Quando una comunità decide di affrontare a viso aperto temi complessi e delicati come la legalità e il cyberbullismo, significa che non intende voltarsi dall’altra parte. È quanto ha dimostrato il Rotary Club Latina, presieduto dal dott. Francesco Simeone, nell’incontro dello scorso 25 settembre che ha visto protagonista il Questore di Latina, dott. Fausto Vinci.
La serata, densa di riflessioni e testimonianze, ha messo al centro un’emergenza che non è solo giuridica, ma anche sociale e culturale. Il cyberbullismo, soprattutto dopo la tragica vicenda del giovanissimo Paolo Mendico, resta una ferita aperta per l’intera provincia. Un fenomeno che corre veloce sul filo della tecnologia, insinuandosi nella quotidianità dei ragazzi, rendendo ancora più urgente l’impegno delle istituzioni, della scuola e delle famiglie.
Il Questore Vinci ha richiamato con forza l’importanza della prevenzione e della sensibilizzazione precoce, sottolineando come il primo antidoto resti il dialogo in famiglia. Parlare, ascoltare, condividere: tre azioni semplici ma essenziali per costruire un argine contro l’isolamento e la violenza che la rete può amplificare.
Accanto all’intervento del Questore, anche il Rotary ha ribadito il proprio ruolo: non solo quello di osservatore, ma di promotore attivo di educazione alla legalità.

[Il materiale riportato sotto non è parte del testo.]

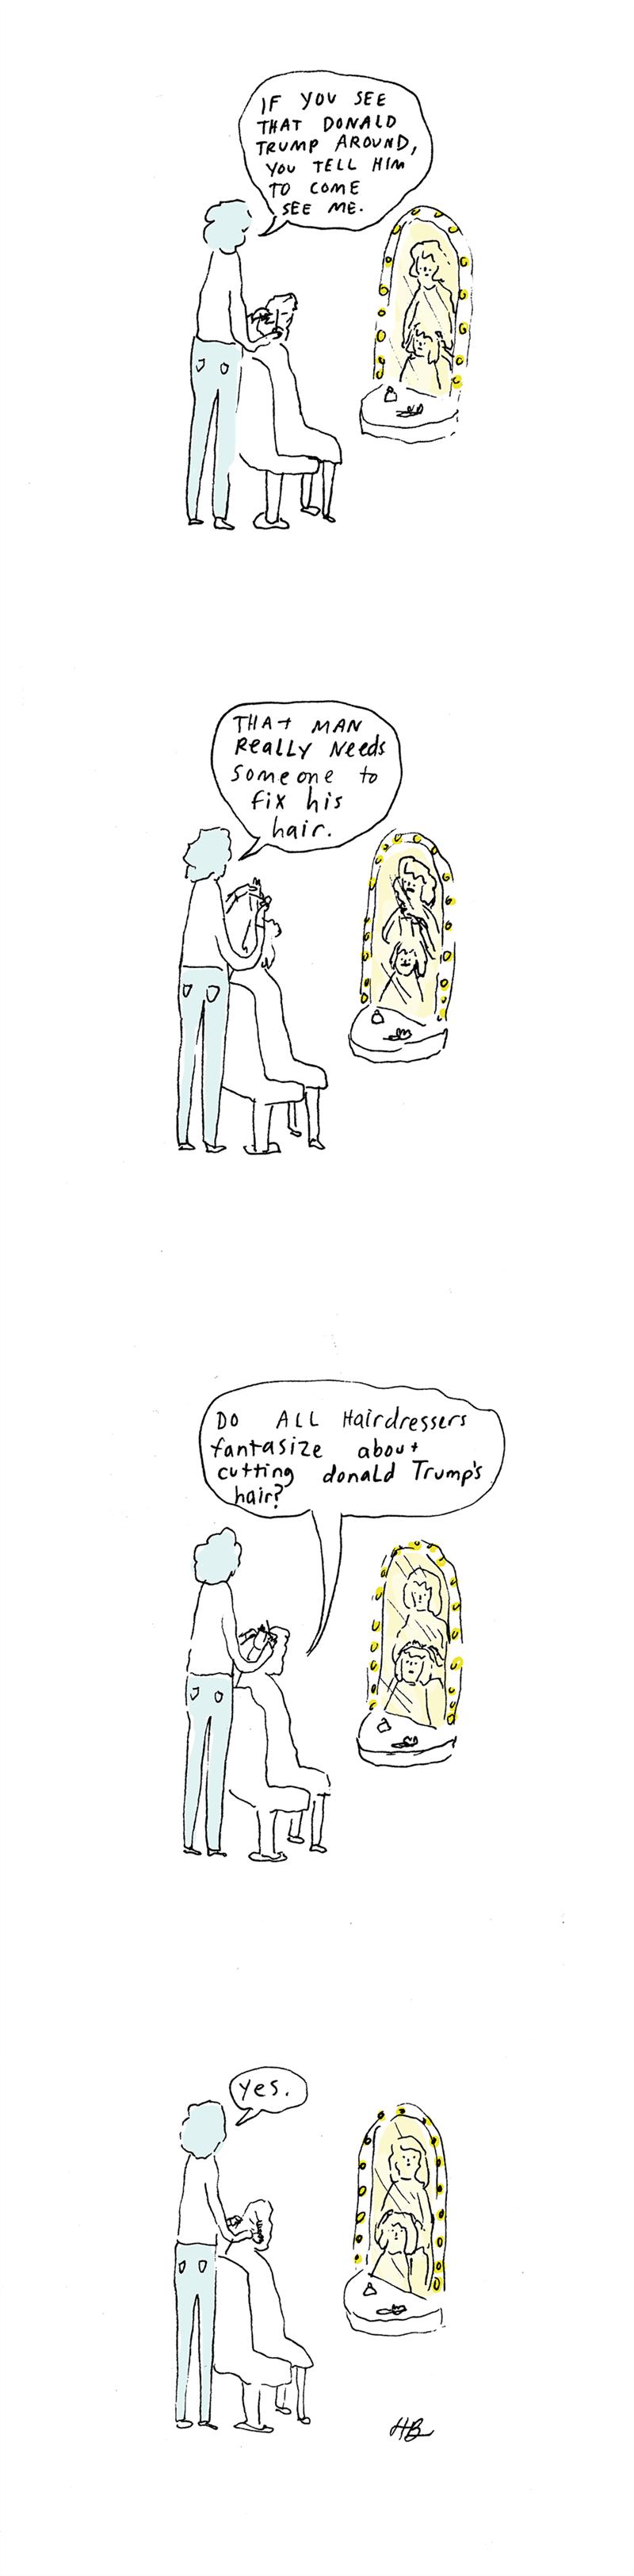 funny-web-comics-donald-trump-solicits-fantasies-for-some

Come ha affermato il Presidente Simeone, la lotta al bullismo e al cyberbullismo non può limitarsi a norme e divieti, ma deve passare da esempi concreti di etica, dal rispetto reciproco e da una rete di ascolto e supporto capace di intercettare i segnali di disagio.
La serata è stata anche occasione per un riconoscimento importante: il Questore Vinci ha ricevuto la Paul Harris Fellow, la massima onorificenza rotariana, consegnata dal Past Presidente ing. Attilio Gisotti. Un gesto simbolico che lega il valore dell’impegno istituzionale a quello della comunità civile.

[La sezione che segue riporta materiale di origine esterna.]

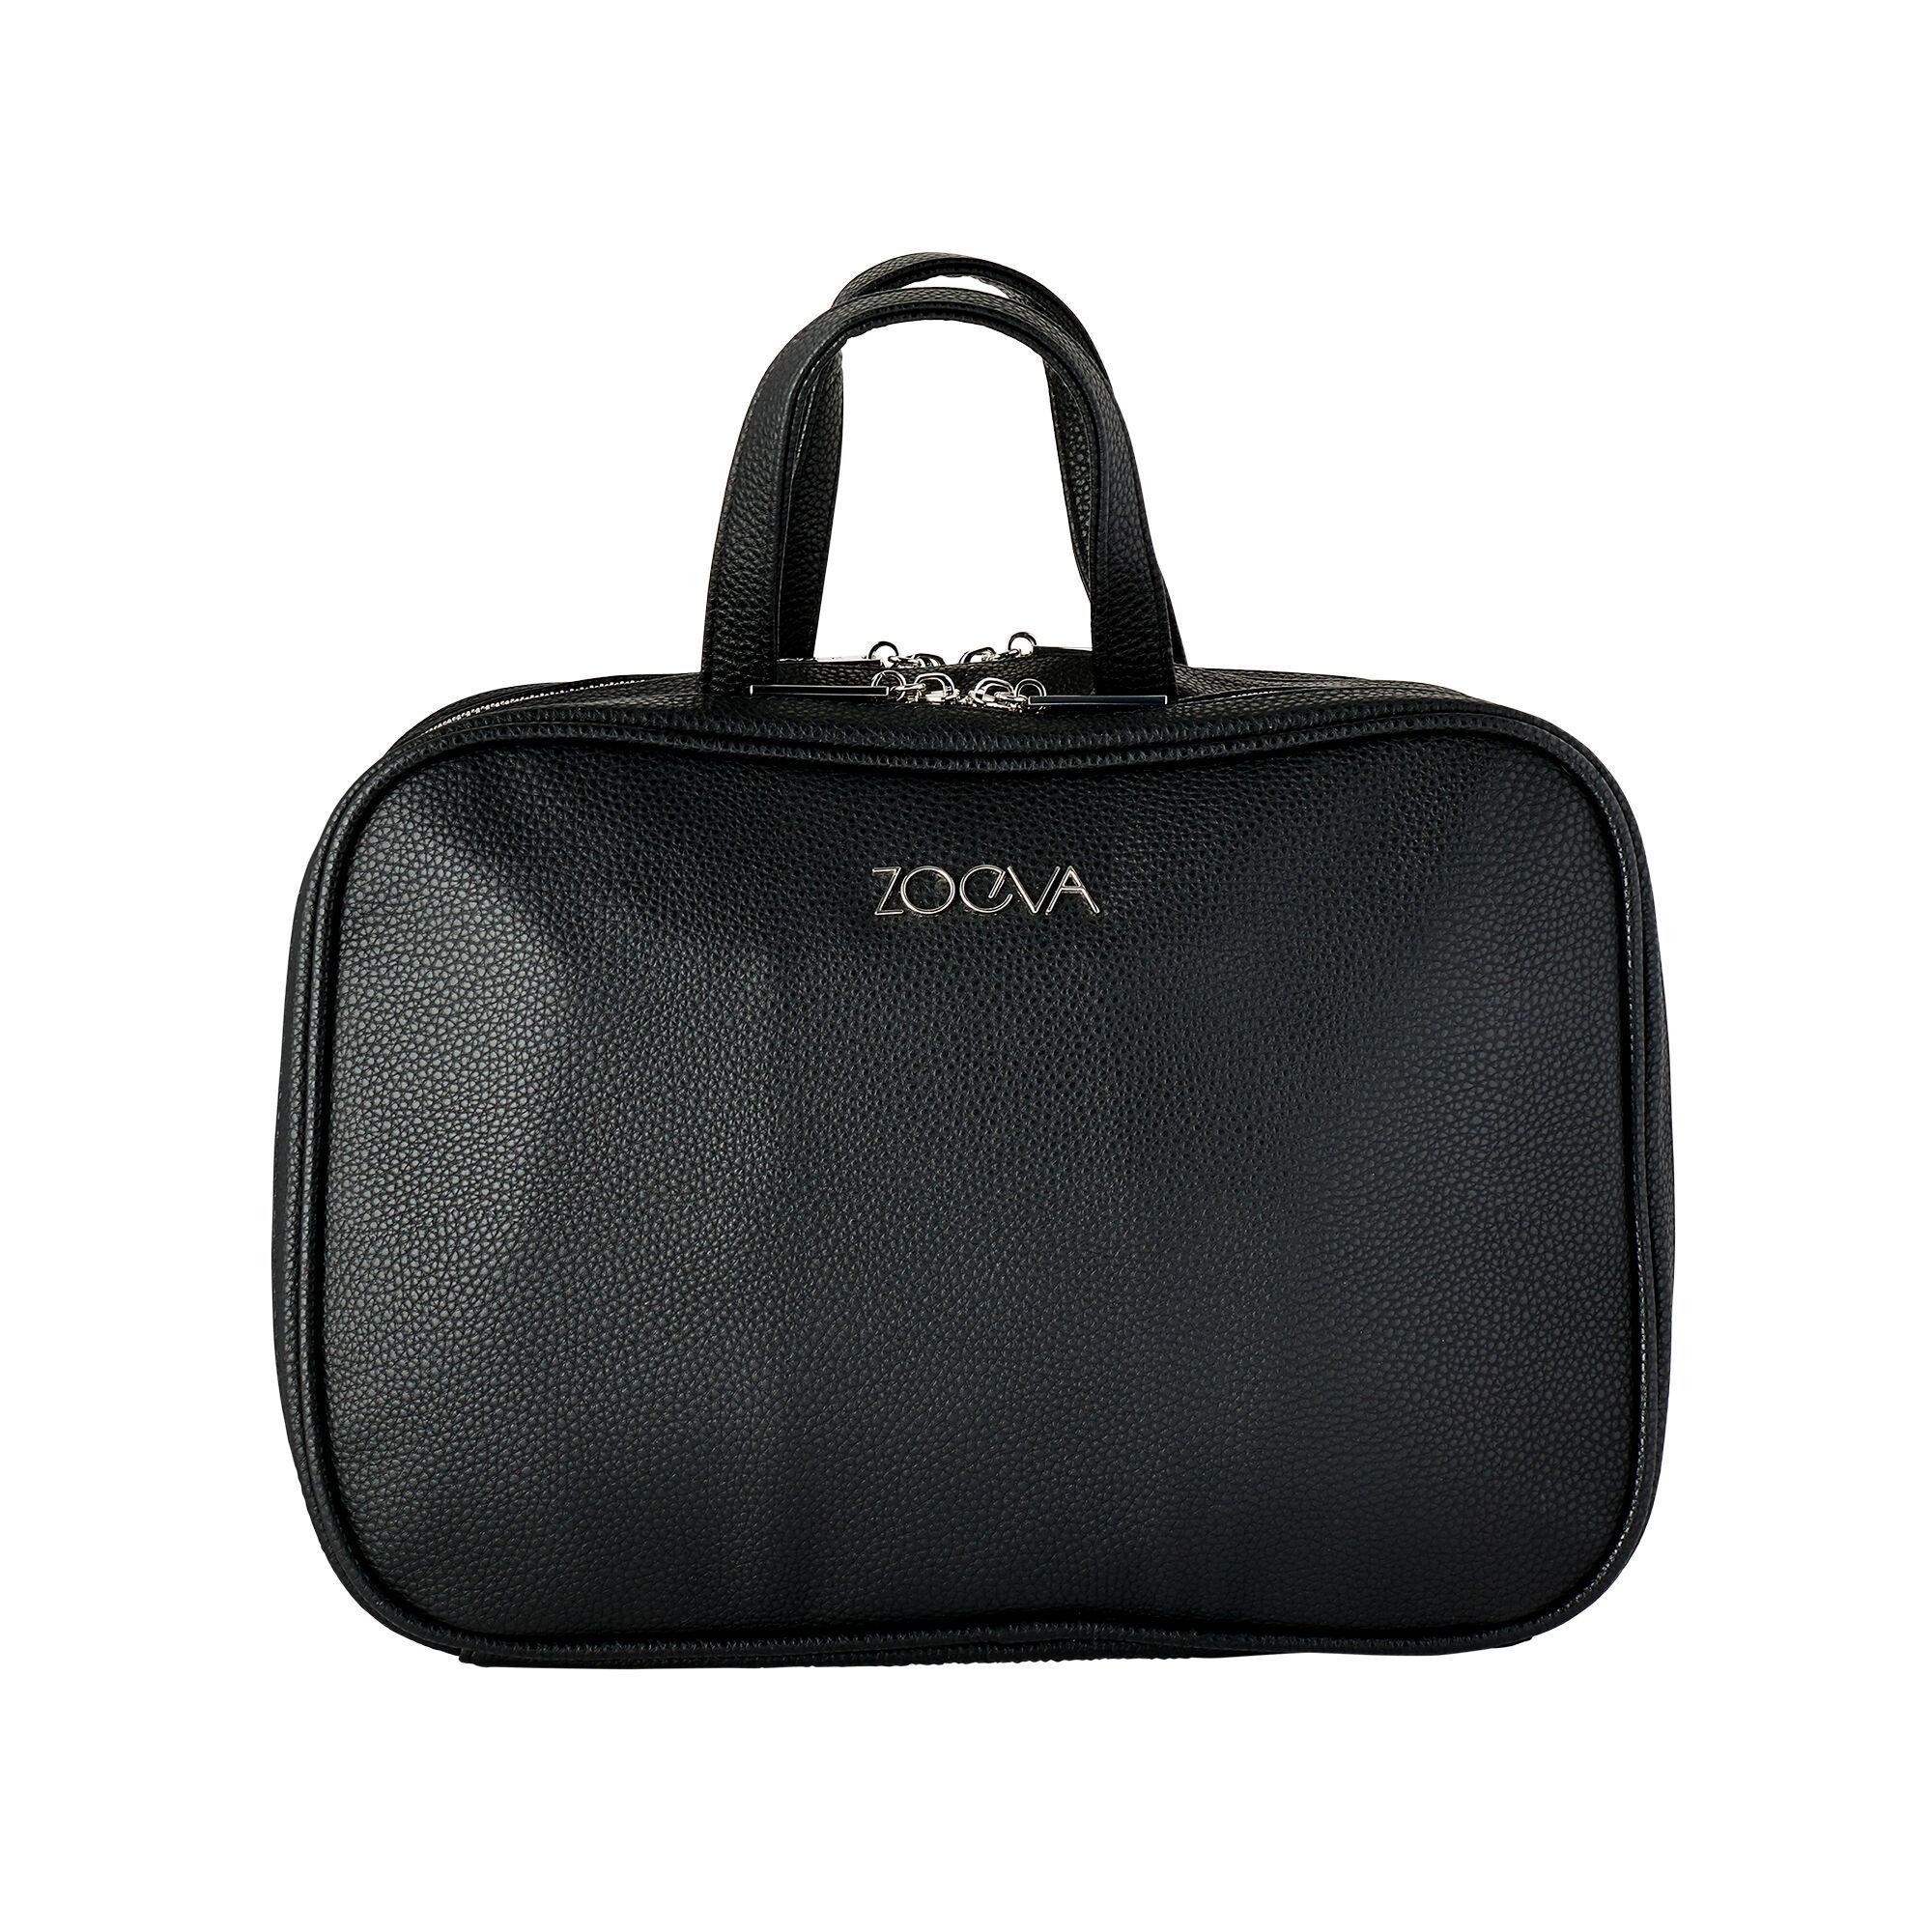 ZOEVA Makeup Tote Zoe Bag

Significativa, inoltre, la partecipazione dei ragazzi dell’Interact del Liceo Scientifico “Ettore Majorana”, guidati dalla prof.ssa Paola Di Gioia e dalla presidentessa Giulia Pizzi: la presenza dei più giovani ha ricordato a tutti che sono proprio loro i primi destinatari e al tempo stesso i protagonisti del cambiamento culturale che dobbiamo costruire.
Le parole del Questore hanno voluto rassicurare la cittadinanza: “Latina è una città sana”. Una frase che non minimizza i problemi, ma invita a guardare oltre gli episodi di cronaca, per ritrovare fiducia nel tessuto sociale di una comunità che vuole crescere e proteggere i propri ragazzi.